BLUFF-1000 is a comprehensive benchmark created to test a model's ability to appropriately express linguistic uncertainty when provided unreliable or irrelevant content from a retrieval system. It contains 500 question-answering tasks across 10 distinct domains, amounting to 1000 model responses under both clear and ambiguous contexts. Each entry consists of a query, a clear and ambiguous source set, and 2 gold responses that reflect the uncertainty of the context. BLUFF-1000 contributes to existing research by highlighting the gap between external confidence expression and source quality.
We are currently in the process of submitting to non-archival workshops and publishing on Arxiv, but our submission is linked below!

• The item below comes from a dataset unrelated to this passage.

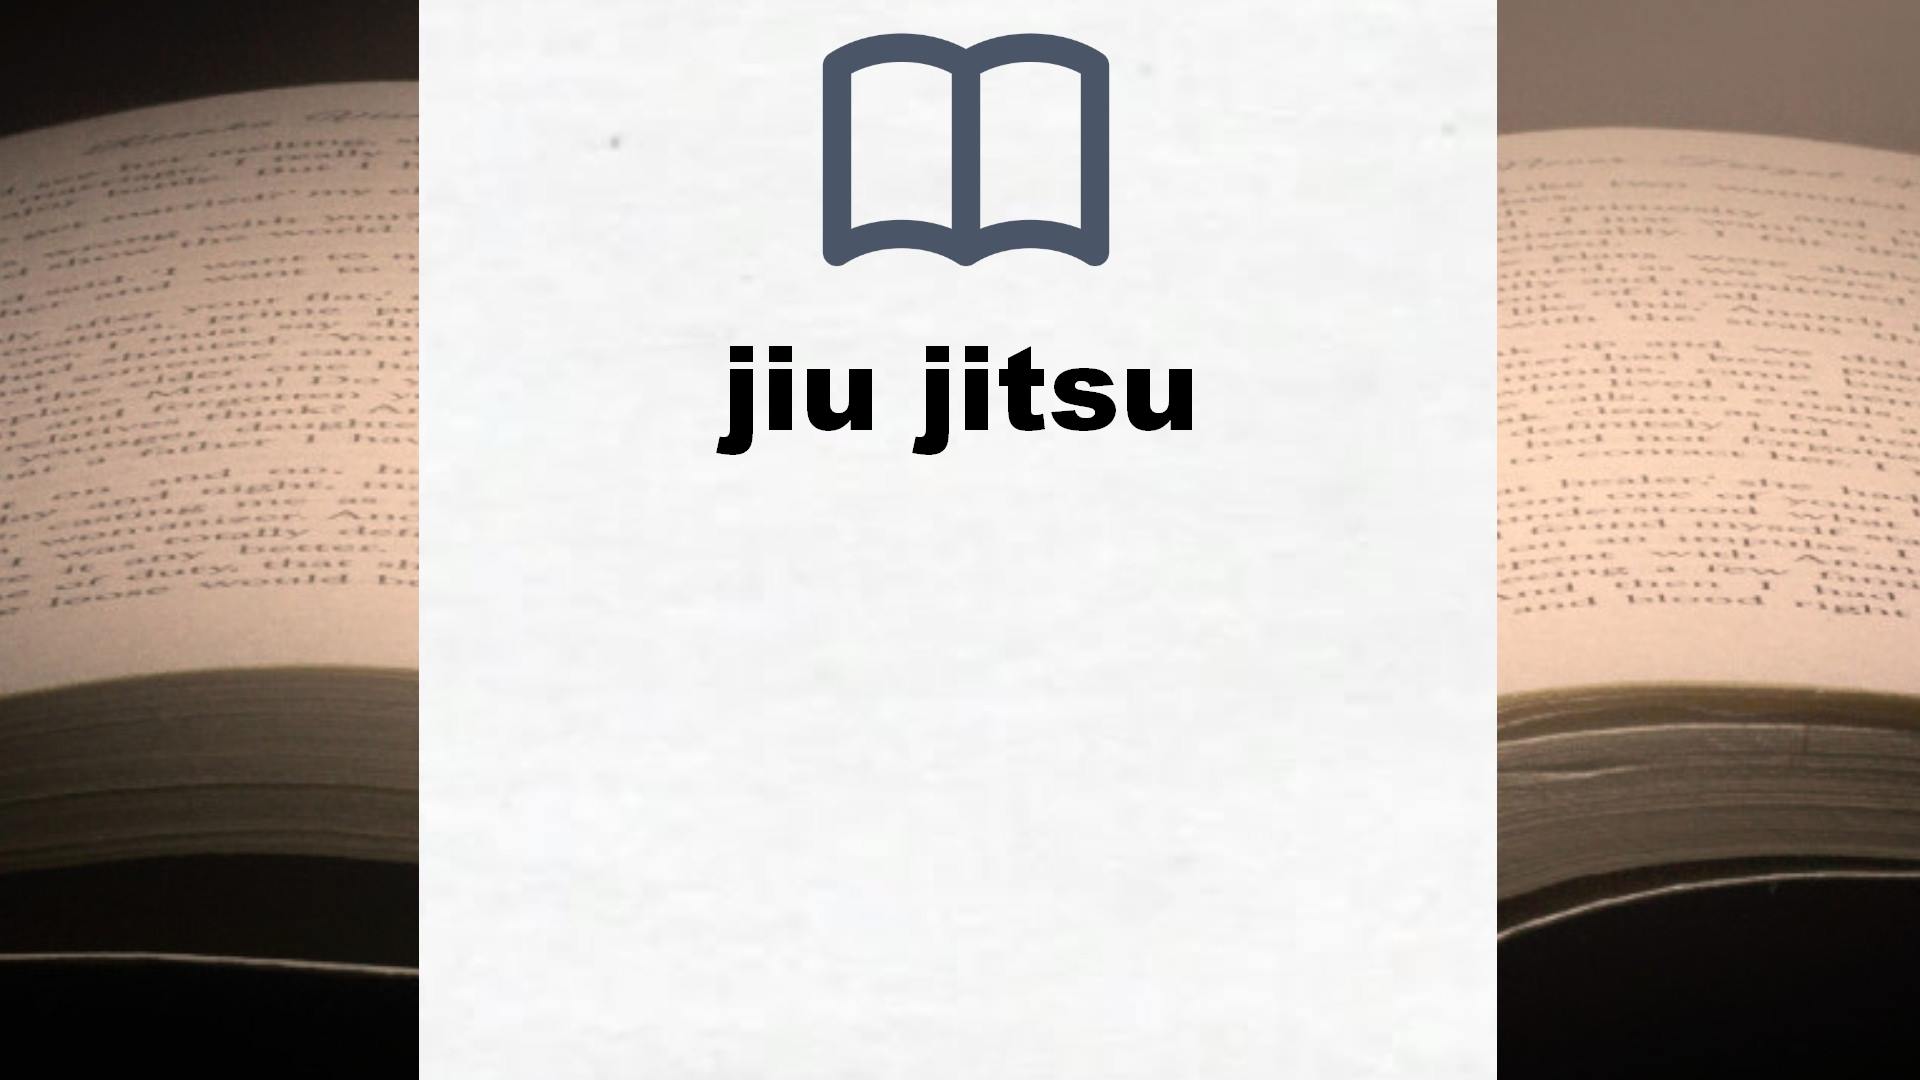 Libros sobre jiu jitsu
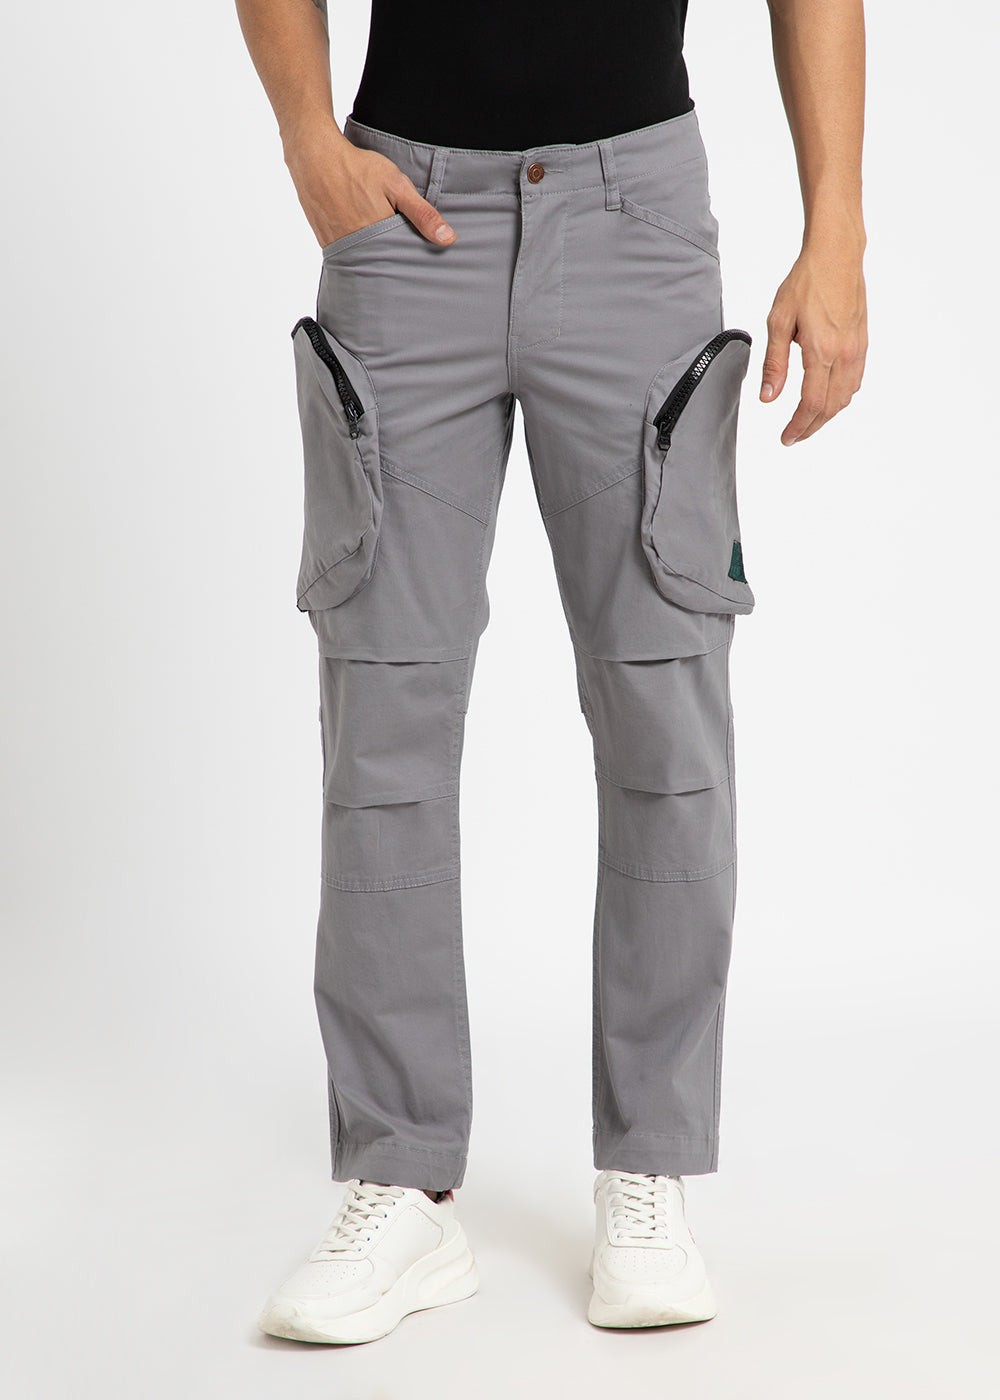 Oslo Gray Zipper Cargo Pant

Retrieval-augmented generation (RAG) systems often fail to adequately modulate their linguistic certainty when evidence deteriorates. This gap in how models respond to imperfect retrieval is critical for the safety and reliability in real-world RAG systems. To address this gap, we propose BLUFF-1000, a benchmark systematically designed to evaluate how large language models (LLMs) manage linguistic confidence under conflicting evidence to simulate poor retrieval. We created a dataset, introduced two metrics, and calculated comprehensive metrics to quantify faithfulness, factuality, linguistic uncertainty, and calibration. Finally, we tested generation components of RAG systems with controlled experiments on seven LLMs using the benchmark, measuring their awareness of uncertainty and general performance. While not definitive, our observations reveal initial indications of a misalignment between uncertainty and source quality across seven state-of-the-art RAG systems, underscoring the value of continued benchmarking in this space. We recommend that future RAG systems refine uncertainty-aware methods to convey confidence throughout the system transparently.
This table showcases the performance of various models on the BLUFF-1000 benchmark. Models are evaluated based on their ability to accurately express linguistic uncertainty in response to queries with both clear and ambiguous contexts. Additionally, source retrieval, factuality, and faithfulness were also measured to provide a comprehensive assessment of each model's capabilities.
The evaluation of various models on the BLUFF-1000 benchmark revealed several key insights into their performance and capabilities in handling linguistic uncertainty. A misalignment between linguistic uncertainty expression and source quality was also observed across all models tested, indicating that current RAG systems struggle to appropriately adjust their confidence levels in response to varying evidence quality. The results highlight the need for further research and development in this area to enhance the reliability and safety of RAG systems in real-world applications.
We proposed BLUFF-1000, a benchmark constructed to evaluate how LLMs manage linguistic confidence under imperfect retrieval conditions. Along with various other metrics for answer correctness, faithfulness, refusals, and numerical overconfidence, we provide a framework for evaluating generation components of RAG systems. We evaluate modern LLMs using gathered sources, varying the source sets provided to models for each question. Through these methods, our most important finding was the consistent patterns of misaligned hedging. After conducting a controlled experiment on the generation aspect, our findings indicated that future progress in full RAG pipelines as a whole must include developments in uncertainty-aware methods to transparently convey confidence throughout the system. This benchmark provides a foundation for measuring and eventually improving this aspect of model trustworthiness, which is critical for LLMs that serve the user.